Minimal Configuration: The following example script is the minimal configuration necessary to get a job running. It assumes the placing the job in the default partition, allocates of 1 CPU, 1GB RAM and a combined error/output file (Cluster defaults) Note that the output file will be place in the users home directory.

#!/bin/bash
#
#SBATCH --job-name Basic  # Defines the Job Name
module load Anaconda3
python matrix_inverse.py

Standard Configuration: The following example script specifies a partition, time limit, memory allocation and number of cores. All your scripts should specify values for these four parameters. You can also set additional parameters as shown, such as job name and output file. For This script performs a simple task — it generates of file of random numbers and then sorts it. A detailed explanation the script is available here.

#!/bin/bash
#SBATCH --job-name=sample               # create a short name for your job
#SBATCH --partition=defq                # shared partition (queue)
#SBATCH --time=00:01:00                 # total run time limit (HH:MM:SS)
#SBATCH --mail-type=begin,end,fail      # send email when job begins,ends,fails
#SBATCH --mail-user=username@wistar.org # email to send alerts to
#SBATCH --output slurm.%N.%j.out        # Output file name and Location
#SBATCH --error slurm.%N.%j.err         # Error file name and Location
for i in {1..100000}; do
echo $RANDOM  SomeRandomNumbers.txt
donesort SomeRandomNumbers.txt

If you want to test your job and find out when your job is estimated to run use (note this does not actually submit the job):

sbatch --test-only myscript.slurm

Now you can submit your job with the command:

sbatch myscript.slurm

srun

srun is used to run a task on the cluster. This is an interactive session, where you can directly view output as its produced or provide input.
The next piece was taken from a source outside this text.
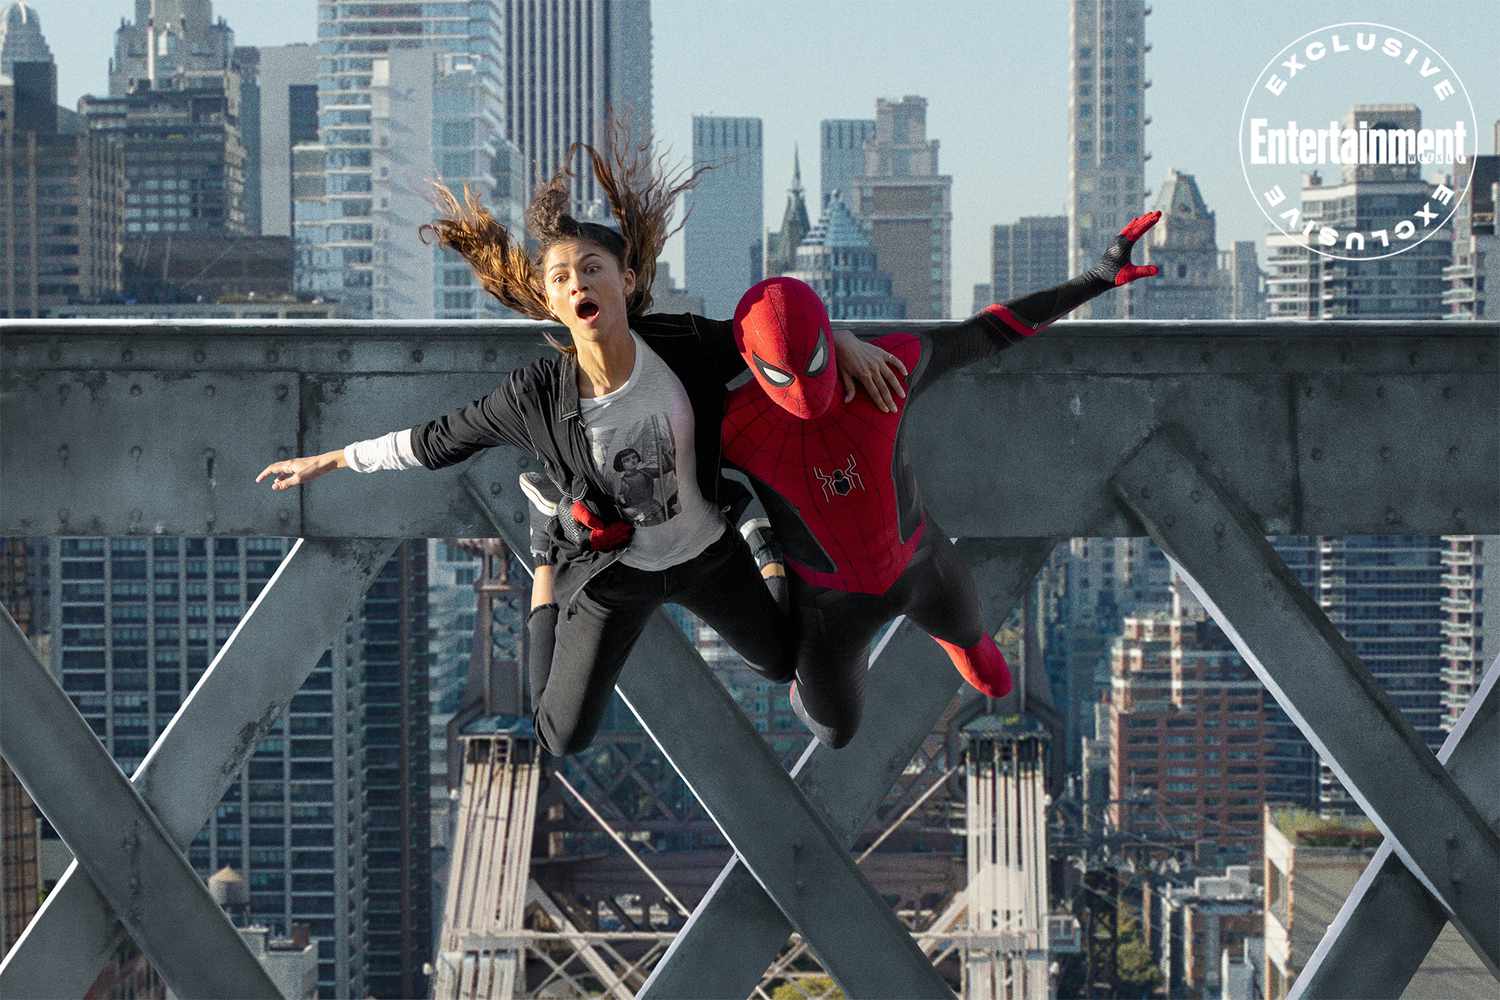 Zendaya as MJ (left) and Tom Holland as Spider-Man (right) in 'Spider-Man: No Way Home'

This section details a few examples using srun. You should first review the hardware and partitions of the cluster sections to to can tailor your request to fit both the needs of your job and the limits of the partitions. Also keep in mind that while these examples are all valid, general examples, they might not work for your particular job.

A simple srun example is to move to a compute node after you first log into Discovery.

srun --pty /bin/bash

To request one node, with 10 tasks and 3 CPUs per task (a total of 30 CPUs), 1GB of memory TOTAL:

srun --nodes 1 --ntasks 10 --cpus-per-task 3 --pty --export=ALL --mem=1G /bin/bash

To request one node, with 5 tasks and 2 CPUs per task (a total of 10 CPUs), 2GB of memory per CPU (20GB total):

srun --nodes 1 --ntasks 5 --cpus-per-task 2 --pty --export=ALL --mem-per-cpu=2G /bin/bash

To allocate a GPU node, you should specify the gpu partition and use the –gres option:

srun --partition=gpu --nodes=1 --ntasks=1 --export=ALL --gres=gpu:1 --mem=2Gb /bin/bash

Job Arrays

Job arrays allow many jobs to be submitting simultaneously with the same requirements. Within each job the environment variable $SLURM_ARRAY_TASK_ID is set and can be used to alter the execution of each job in the array. Note that as is true for regular jobs, each job in the array will be allocated one or more entire nodes, so job arrays are not a way to bundle multiple tasks to run on a single node.

By default, output from the job arrays is placed in a series of log files named slurm-%A_%a.out, where %A is the overall job ID and the %a is the task ID.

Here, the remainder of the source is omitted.